---------- PROVIDED ENTRIES ----------

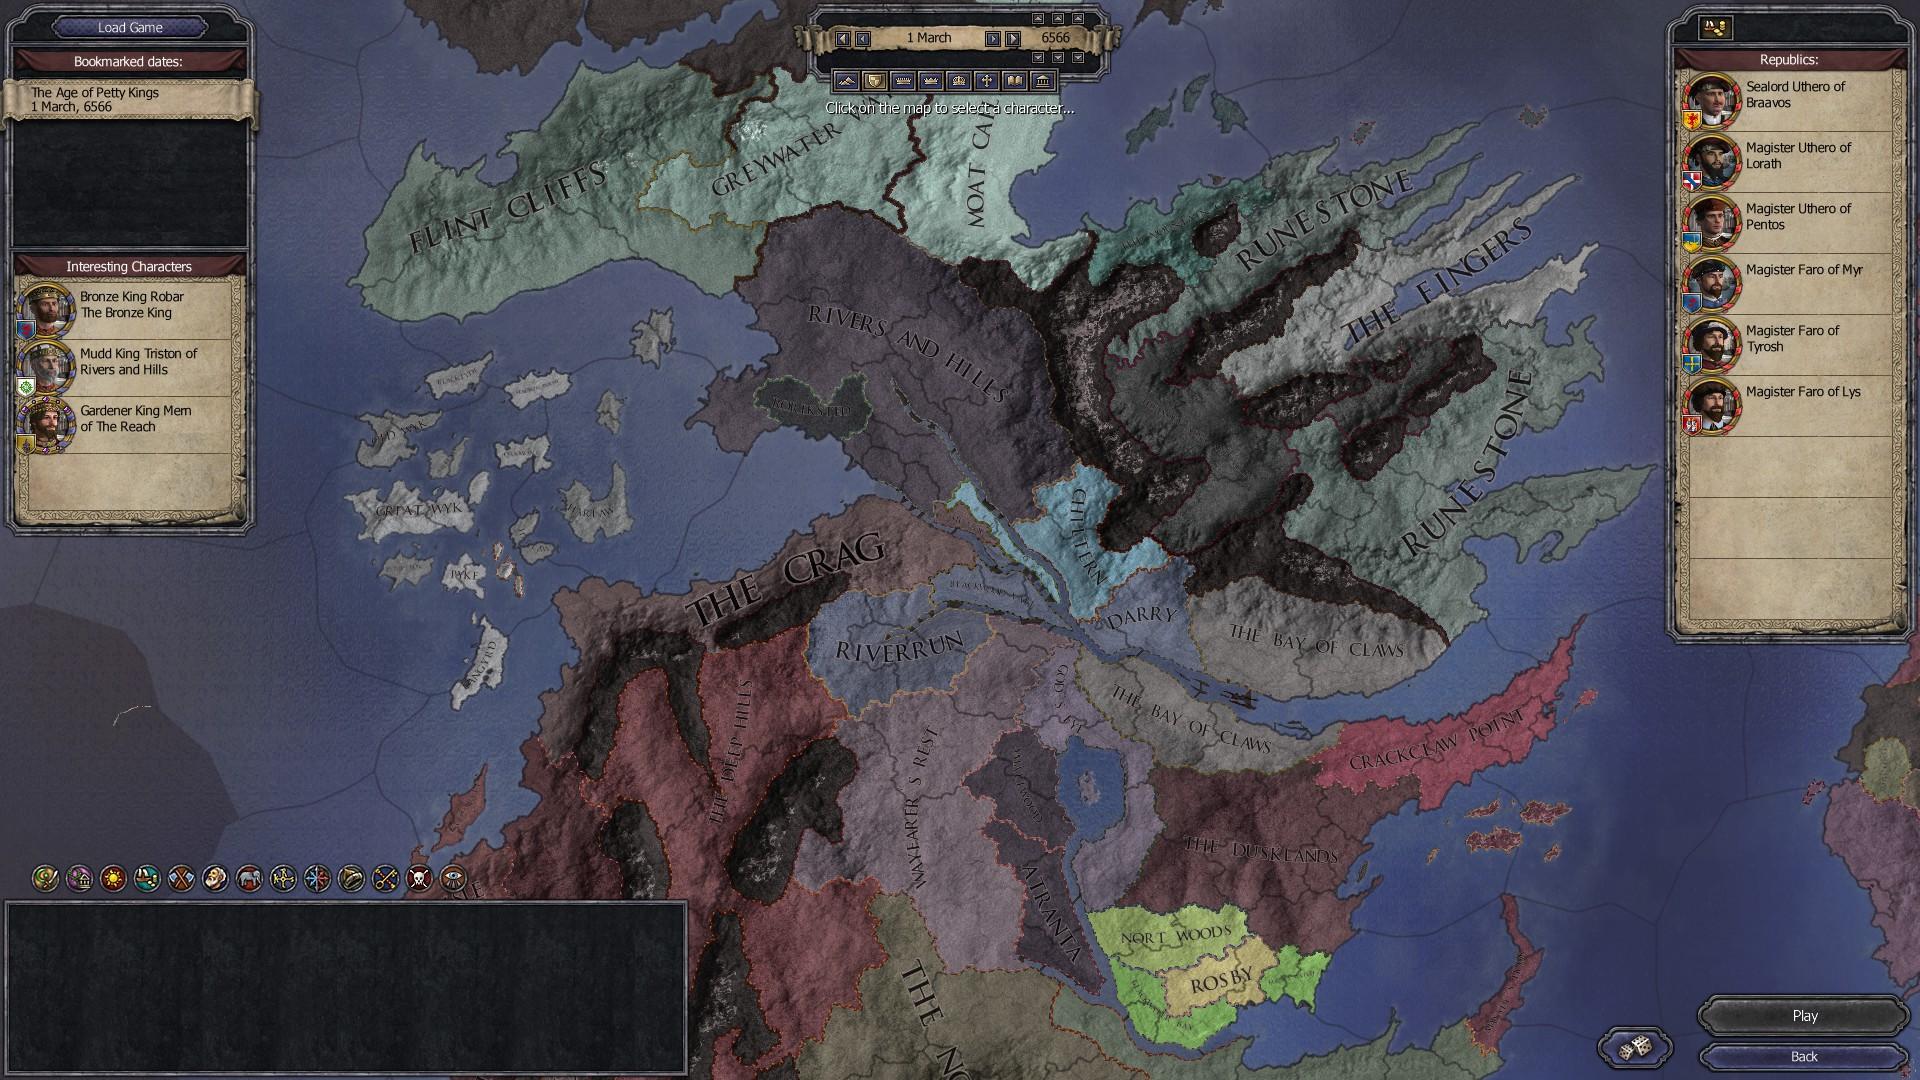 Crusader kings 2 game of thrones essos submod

----------
---------- PROVIDED ENTRIES ----------

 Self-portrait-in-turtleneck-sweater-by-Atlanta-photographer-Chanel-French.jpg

----------
---------- PROVIDED ENTRIES ----------

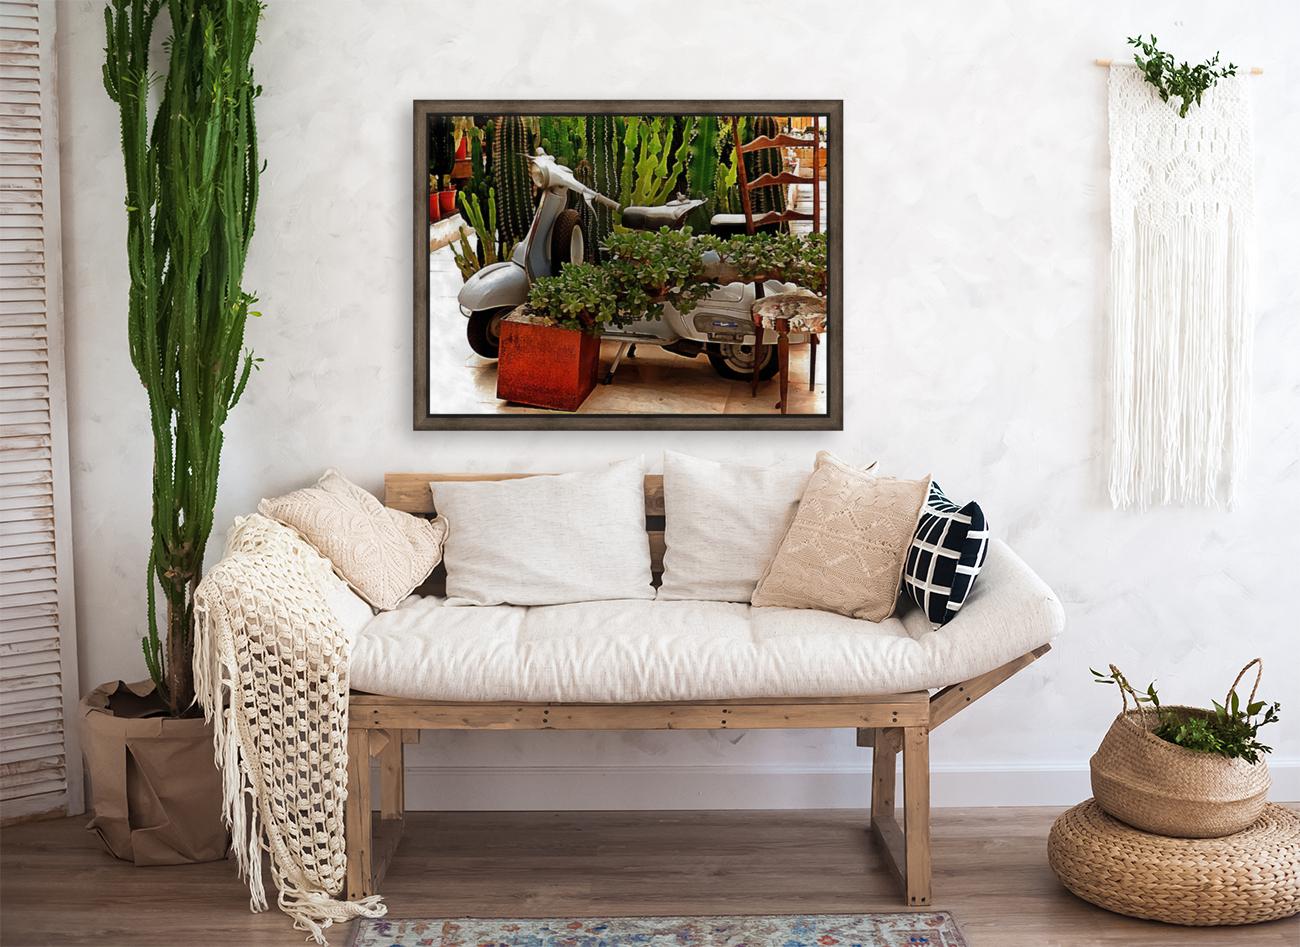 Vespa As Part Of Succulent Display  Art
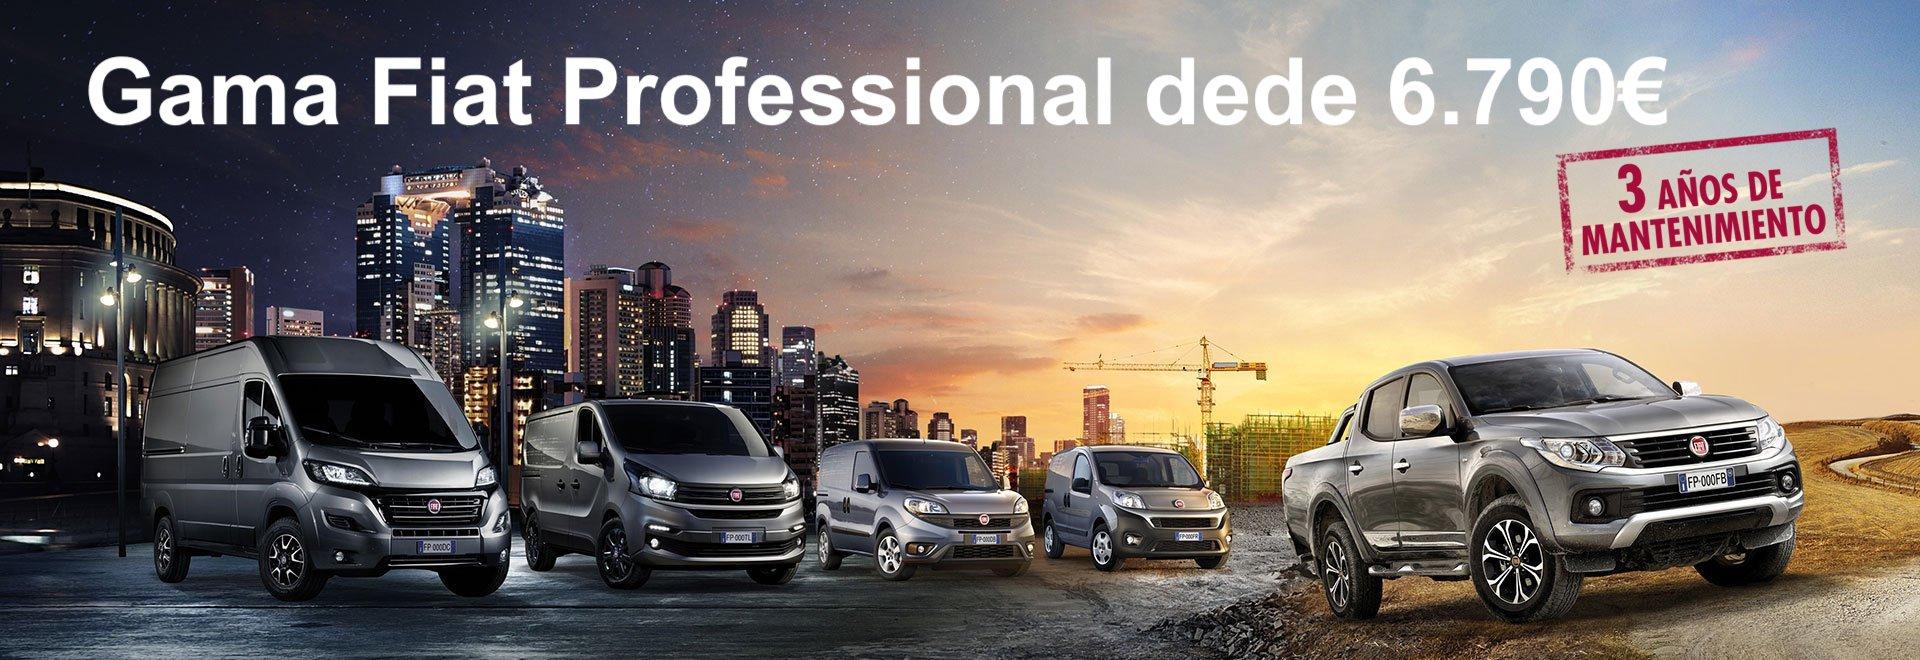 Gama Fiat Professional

----------

DESCRIPTION OF THE TASK —
Everything from the line with "Vespa As Part" through the line with "Gama Fiat Professional" in the material above should be transcribed exactly, except the pictures.

COMPLETED EXERCISE —
 Vespa As Part Of Succulent Display  Art
 Gama Fiat Professional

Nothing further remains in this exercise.